Ancient sharks have left their bite marks on the fossils of numerous dinosaur-era and pre-dinosaur-era paleo creatures including marine mammals, ray-finned fishes and reptiles — even pterosaurs, flying reptiles that lived during the dinosaur age, The oldest evidence of shark-on-shark predation dates to the Devonian period (419.2 million to 358.9 million years ago), when the shark Cladoselache gulped down another shark, whose remains were fossilized in its gut contents. [Source: Live Science]
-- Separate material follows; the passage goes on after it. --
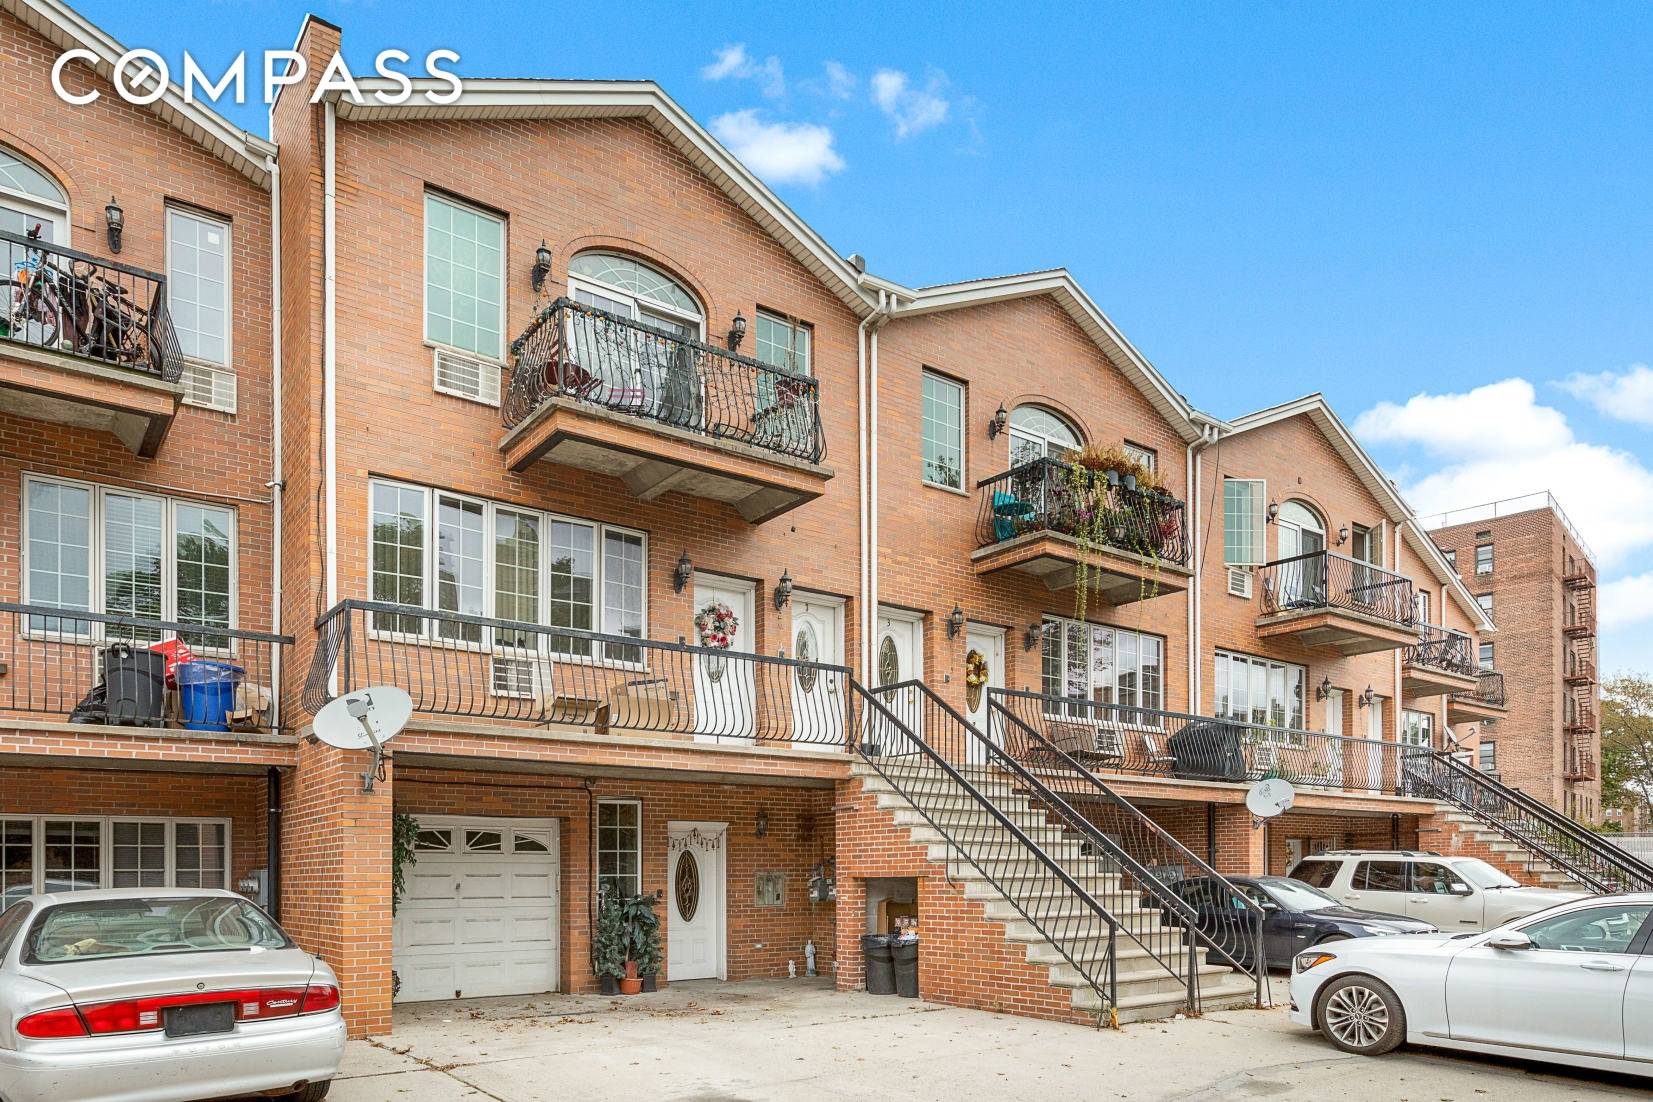 You now have this rare investment opportunity to own two spacious multifamily properties in a great location in Gravesend Brooklyn.
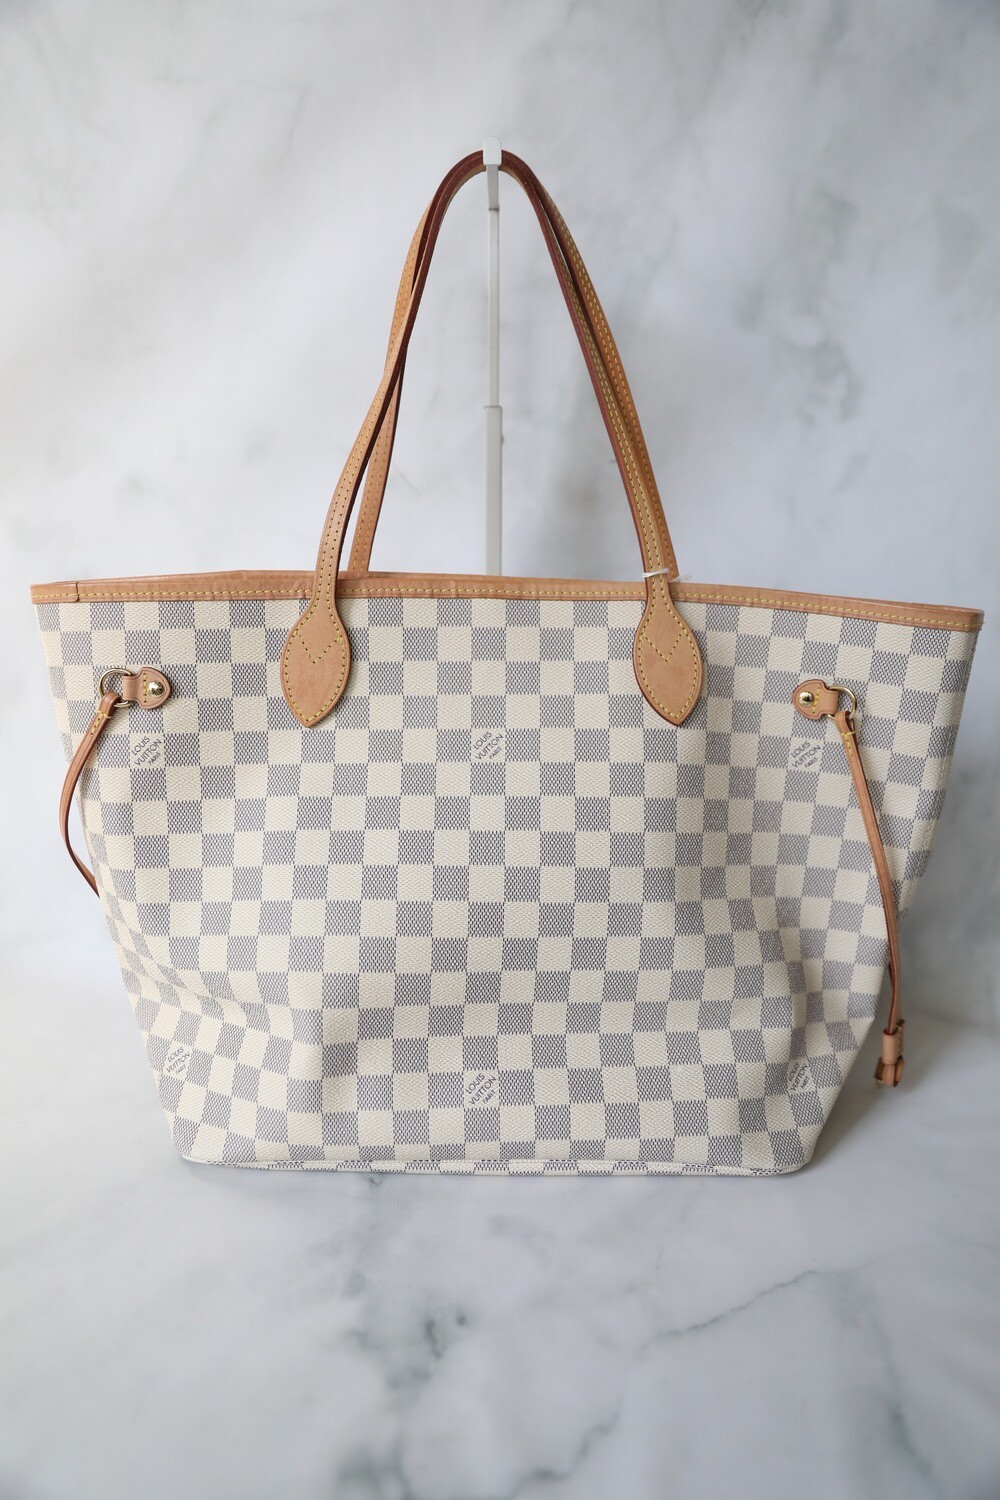 Louis Vuitton Neverfull MM Azur with Strap, New in Dustbag - Julia Rose  Boston

Websites and Resources: Shark Foundation shark.swiss ; International Shark Attack Files, Florida Museum of Natural History, University of Florida floridamuseum.ufl.edu/shark-attacks ; Animal Diversity Web (ADW) animaldiversity.org; National Oceanic and Atmospheric Administration (NOAA) noaa.gov; Fishbase fishbase.se ; Encyclopedia of Life eol.org ; Smithsonian Oceans Portal ocean.si.edu/ocean-life-ecosystems ; Woods Hole Oceanographic Institute whoi.edu ; Cousteau Society cousteau.org ; Monterey Bay Aquarium montereybayaquarium.org ; MarineBio marinebio.org/oceans/creatures

First Sharks


fossil of the late-Carboniferous-Early-Permian period shark Lebachacanthus senckenbergianus from 350 to 300 million years ago

One of the oldest known sharks is “ doliodus problematicus”, a bottom-dwelling predator resembling a modern angel shark except that it had 60 scissorlike teeth to sheer through the bony armor that covered fish prey it fed on. It also had a pair of bony spines protruding from the front edge of its fins, which extended sideways behind the head and are more similar to features found on bony fish rather than sharks. A well- preserved fossil of this creature was found in rock dated to 409 million years ago in New Brunswick, Canada.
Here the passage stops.